I asked Secretary Cruz how feasible is Ate Glue’s boast that she would lick the communist insurgency by 2010. Nonong just smiled… a very big knowing smile and asked me not to expect him to answer that question. I take that to mean that Ate Glue’s boast is a pipe dream and I don’t even have to quote anybody saying that.

The way I see it, we get the armed forces we are ready to pay for. The other problems we have with the armed forces, notably the short cuts we all suspect they are taking with regards to the leftist activists, cannot be addressed unless we give our brave men and women in uniform the honor and dignity that their noble profession demands.

That means, the time for speeches and grandiose promises is over. We have to put up and provide our troops the resources they need to get their job done. Otherwise, we have no right to put a single soldier in harm’s way if we cannot even provide them with a bulletproof vest to minimize the danger he faces. Let me ask our decision makers in Congress this: if you have a child who is a soldier, would you let him go to battle without the minimum protection of a bulletproof vest and a helmet that meets specifications?
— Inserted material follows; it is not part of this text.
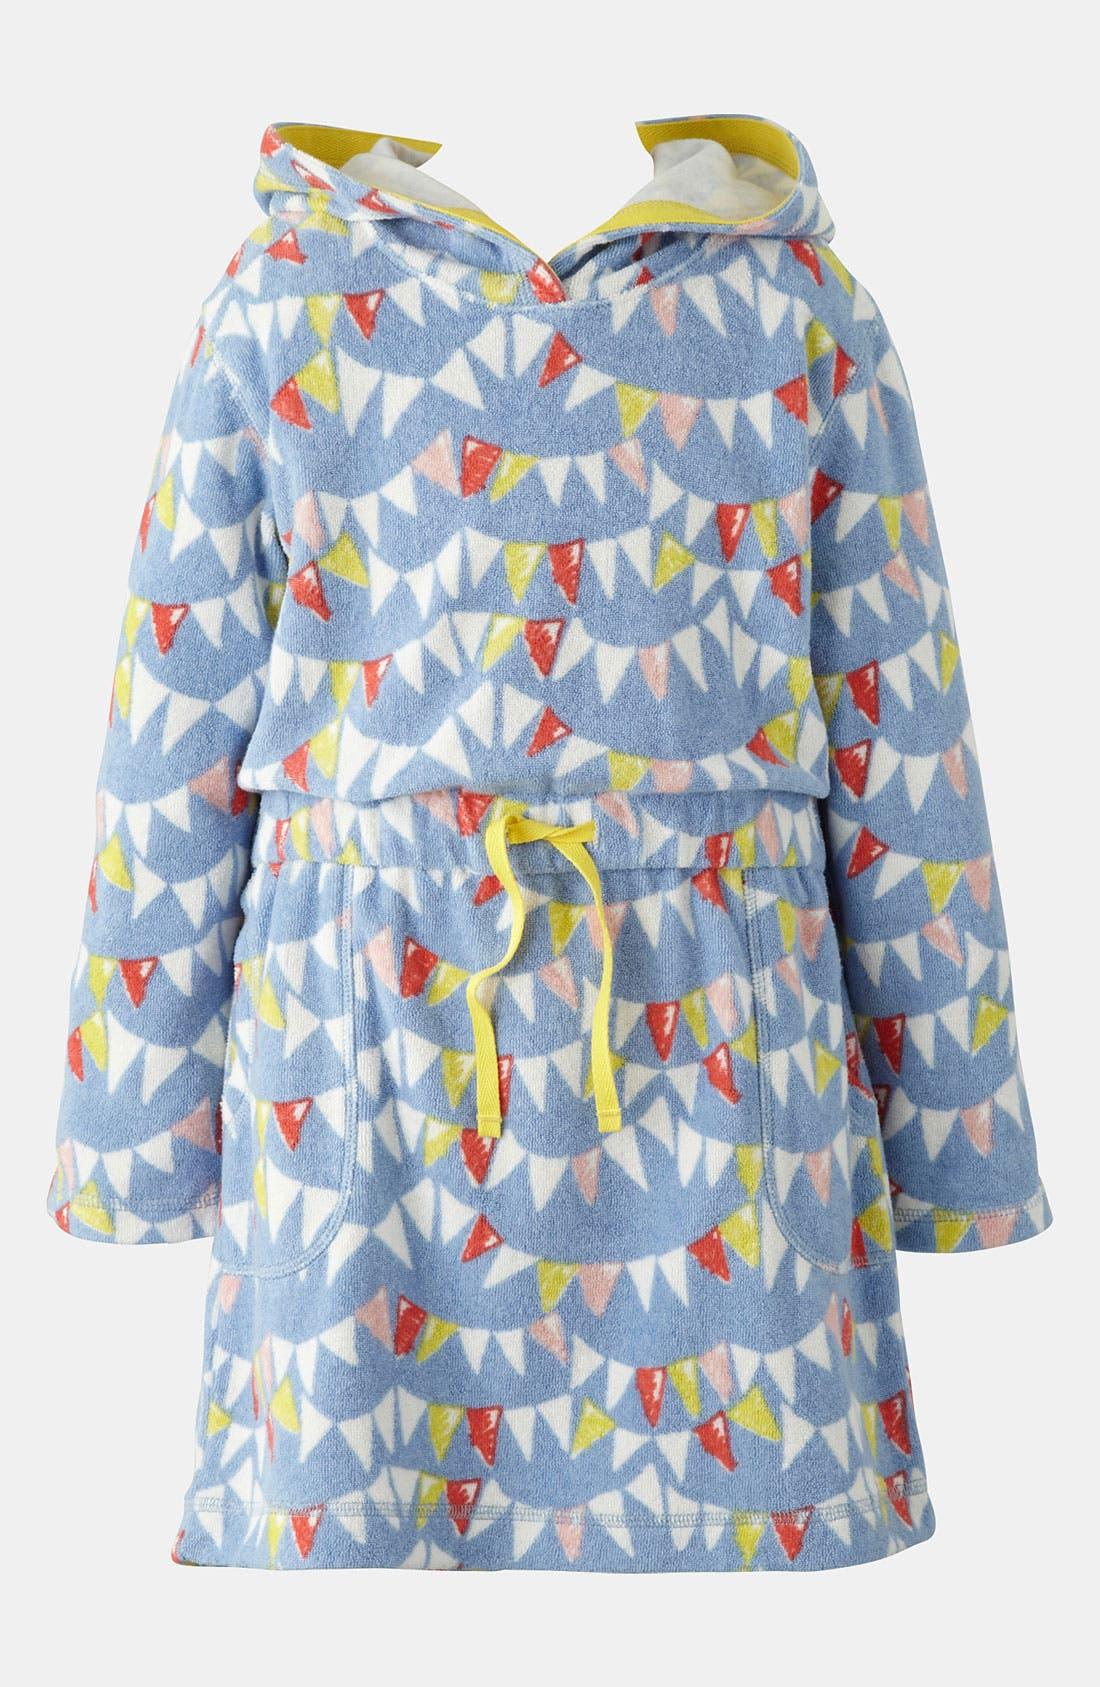 Main Image - Mini Boden Beach Dress (Toddler)

I realize it is easier for Ate Glue and the politicians to visit the wakes of our soldiers killed in battle and be shown in front page photos commiserating with widows than do the right thing that would minimize the number of our dead. When I read about that young lieutenant who died in Mindanao, a fresh graduate from PMA and the son of a retired master sergeant, a little in me died as well. Would he still be among the living if he was properly equipped?

If we are to have an armed forces at all, we ought to do it right. Half measures for our armed forces are deadly and unfair to the brave men and women who die out there, on our behalf.

Floods

Unless the National Government undertakes a major program to address flood control in Central Luzon, the region will continue to lag behind Calabarzon for investors looking at locating manufacturing and other businesses in the Philippines. It took just one moderate typhoon to cause serious problems in Central Luzon, including Lubao, the hometown of Ate Glue.

After continuous rainfall in the evening of Aug. 8, even NLEX was flooded in an area that has not seen a flood in several decades. I am told that the rehabilitation of NLEX took into account recent flooding history. This is why they have significantly elevated portions of the expressway, particularly in the Candaba area, to protect it from floods.

But the flood this year was in a new area, in Bulacan. The flood subsided within a few hours, but it still stopped traffic in the pre-dawn hours of Aug. 9. The expressway can again be elevated but it will not solve the problem of the towns below and vehicles will still have nowhere to go. A more comprehensive government study and action is called for.

Political whore

A congressman walks into a high class hotel and asks a smart hot babe: How much for a good time?

Hot babe: Sir, if you can raise my skirt as high as food and gas prices, lower my panties as low as your performance in Congress, get your dick as hard as the times, keep it as big as your pork barrel and screw me like you do your constituents, then, Mr. Congressman, this f—k’s on me.